Bütün bu tartışmaların Türkiye’ye ilişkin boyutuna gelince: Türkiye AB’nin aday üyesi ve NATO’nun üyesi, ABD ile açık, gizli askeri ve diplomatik anlaşmalara sahip, bölgesinde göz ardı edilemeyecek kadar “değerli bir müttefik.” Ama müttefik bir süredir mevcut ittifakları ve “geleneksel dostları” ile oldukça uyumsuz bir tavır sergiliyor. Bu uyumsuzlukların Türkiye’den kaynaklanan nedenleri olduğu gibi “geleneksel” müttefiklerinden kaynaklanan boyutları da bulunuyor. Bütün bu sorunların üzerinde yükseldiği temel ise “karşılıklı güvensizlik.” Bu “güvensizlik” tarafların dahil olduğu her ciddi bölgesel sorunda -Doğu Akdeniz, Kıbrıs, Suriye, Irak, Libya, Kafkaslar, Ege, Rusya ve Çin, vb.- bir kez daha tazeleniyor. Bu sorunlara özellikle AB ve ABD ile insan haklarına ilişkin sorunları da eklemek gerekiyor.

Bütün bu sorunlar olağan koşullarda kendi içerisinde kesin çözümleri olmayan sorunlardır. Ama uluslararası ilişkiler karşılıklı kesin kamplaşma, çatışma ve altüst oluş boyutuna gelinceye kadar uzlaşmalar, anlaşmalar, ileri ve geri adımlarla devam edecektir. ABD ve Çin bu kamplaşmanın karşılıklı uçlarıdır. ABD için Rusya da ciddi bir sorundur. Bütün diğer sorunları ve onların yönünü belirleyecek olan bu ilişkilerdir. Türkiye açısından ise karşılıklı sorunların geçici “çözümü”, Türkiye’nin geleneksel sadık müttefik ve uşak rolüne geri geri dönmesi, kendi adına “milli çıkarlar ve beka sorunu” olarak tarif ettiği çıkarlarına yani yayılmacılığa ve saldırganlığa son vermesidir. Bu ise, yani tam bir biat özellikle harp sanayisinde sağladığı kısmi bir ilerleme nedeniyle “Ayranı kabarmış” egemen yönetici iktidar odağı için tüm iddialarından vaz geçmesi anlamına gelecektir.

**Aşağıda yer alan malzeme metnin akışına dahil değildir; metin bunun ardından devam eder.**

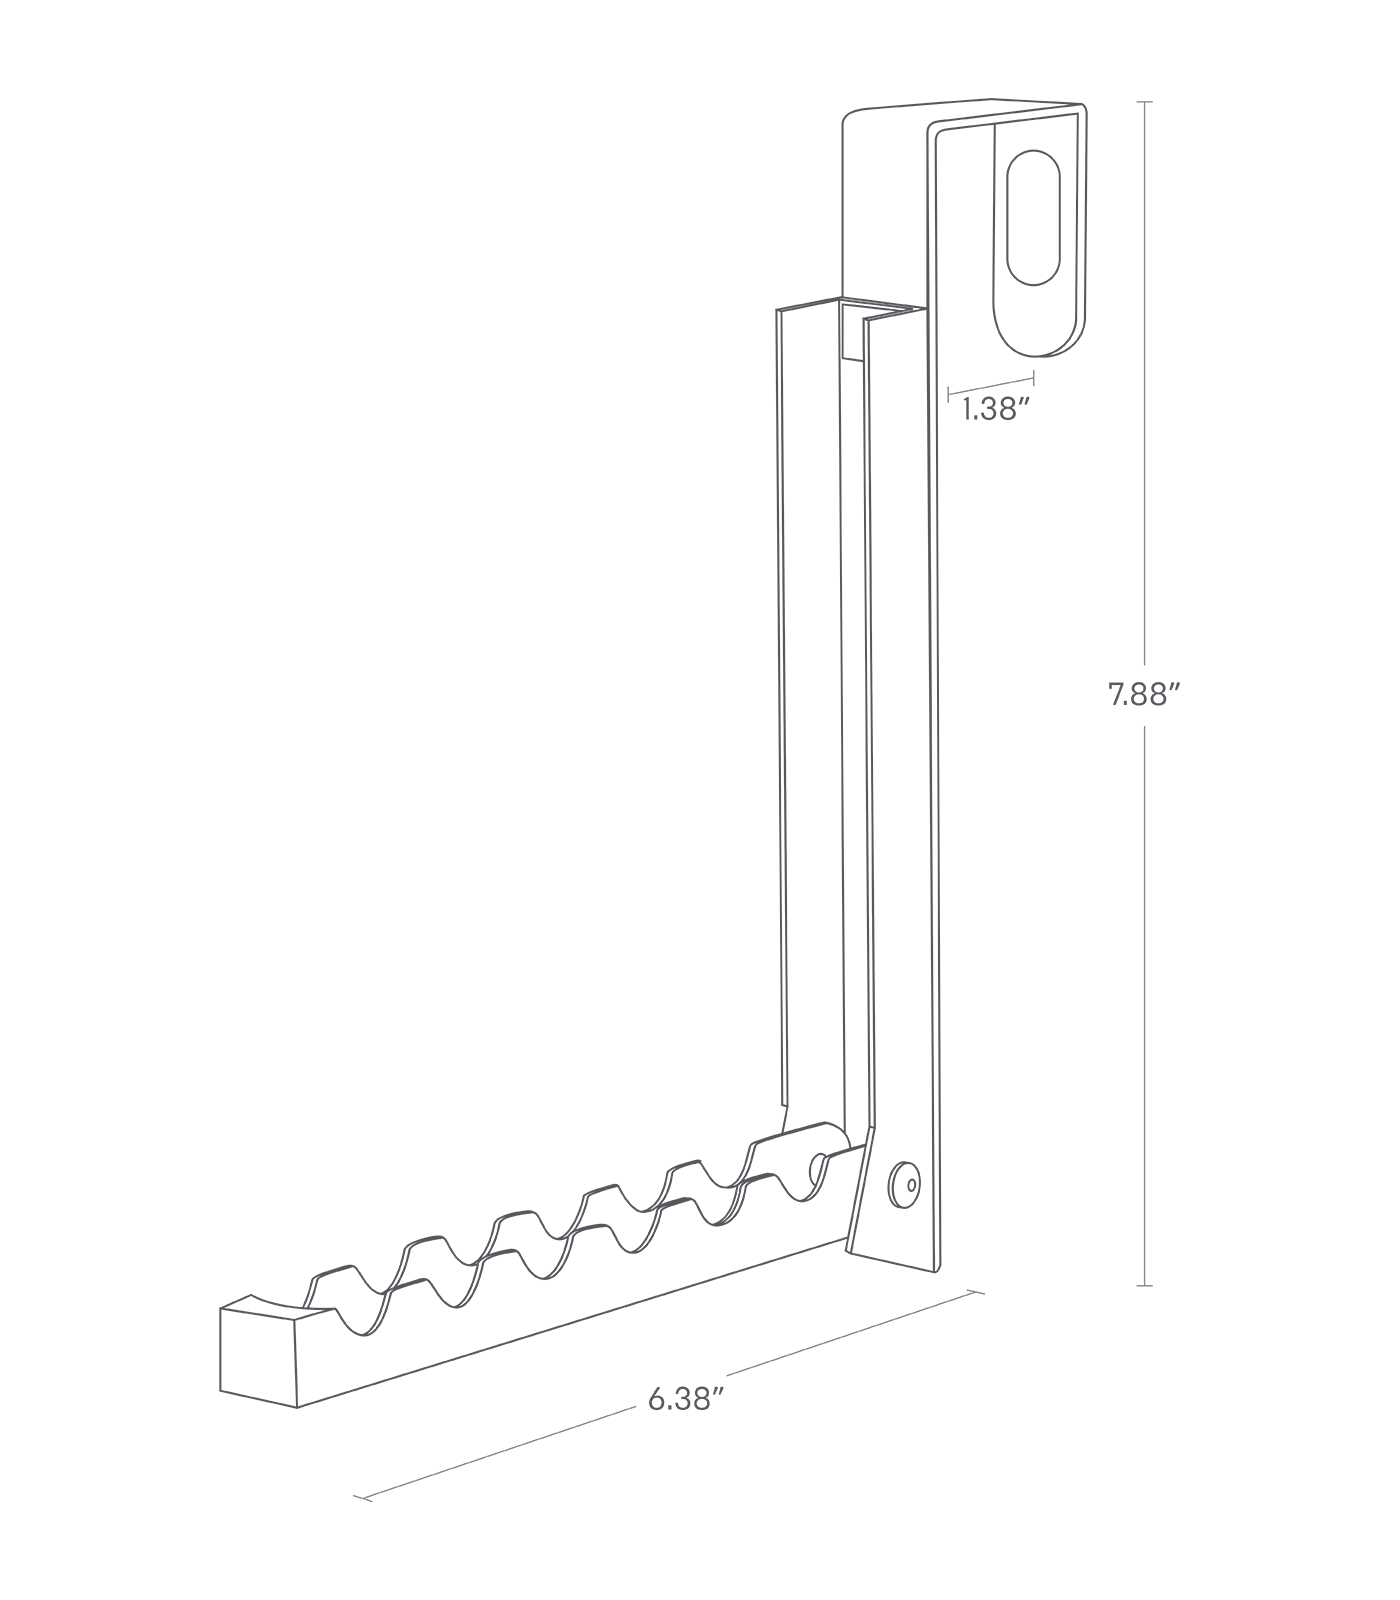 Dimension Image for Over The Door Hook on a white background showing height of 7.88

Devleti yönetenlerin bazı tavizlere ve anlaşmalara yanaşacağını, bazen boyun eğip, bazen dikleşeceğini, emperyalistler arası çelişki ve çatlaklardan bir süre daha yararlanmayı benimseyeceklerini -bunun için zaman oldukça kısalmış durumda, şimdi iki sandalyede birden oturamayacakları sertçe hatırlatılıyor- öngörmek için yeterli veri ve tecrübeye sahibiz. Ekonominin sopası demoklesin kılıcı gibi sürekli kafalarının üzerinde olacaktır. Yönetici egemen sınıflar hangi yolu tutarsa tutsun bu Türkiye halkının çıkarlarına ters olacaktır. Çünkü yolun sonu egemenlik mücadelesi verenlerin yedeği olarak kamplaşma ve çatışmaya çıkmaktadır. Ülke bu politikaların güncel sonuçlarını yaptırımlar uygulanabilen, krizler içerisinde yuvarlanan bir ülke olmakla ödemektedir. Halk bağımsız, onurlu bir ülke için kendinin ve ülkenin kaderini kendi eline almak zorunluluğu ile sürekli yüzleşmek durumundadır ve sorunların çözümü de burada yatmaktadır. Ayrıca uluslararası ilişkilerin mevcut durumuna bakarak vurgulamak gerekir ki, bu zorunluluk -halkların kendi kaderini tayini- sadece ülkemizin işçi ve emekçileri için değil, dünya halkları ve işçileri açısından da bir zorunluluk olarak orta yerde durmaktadır.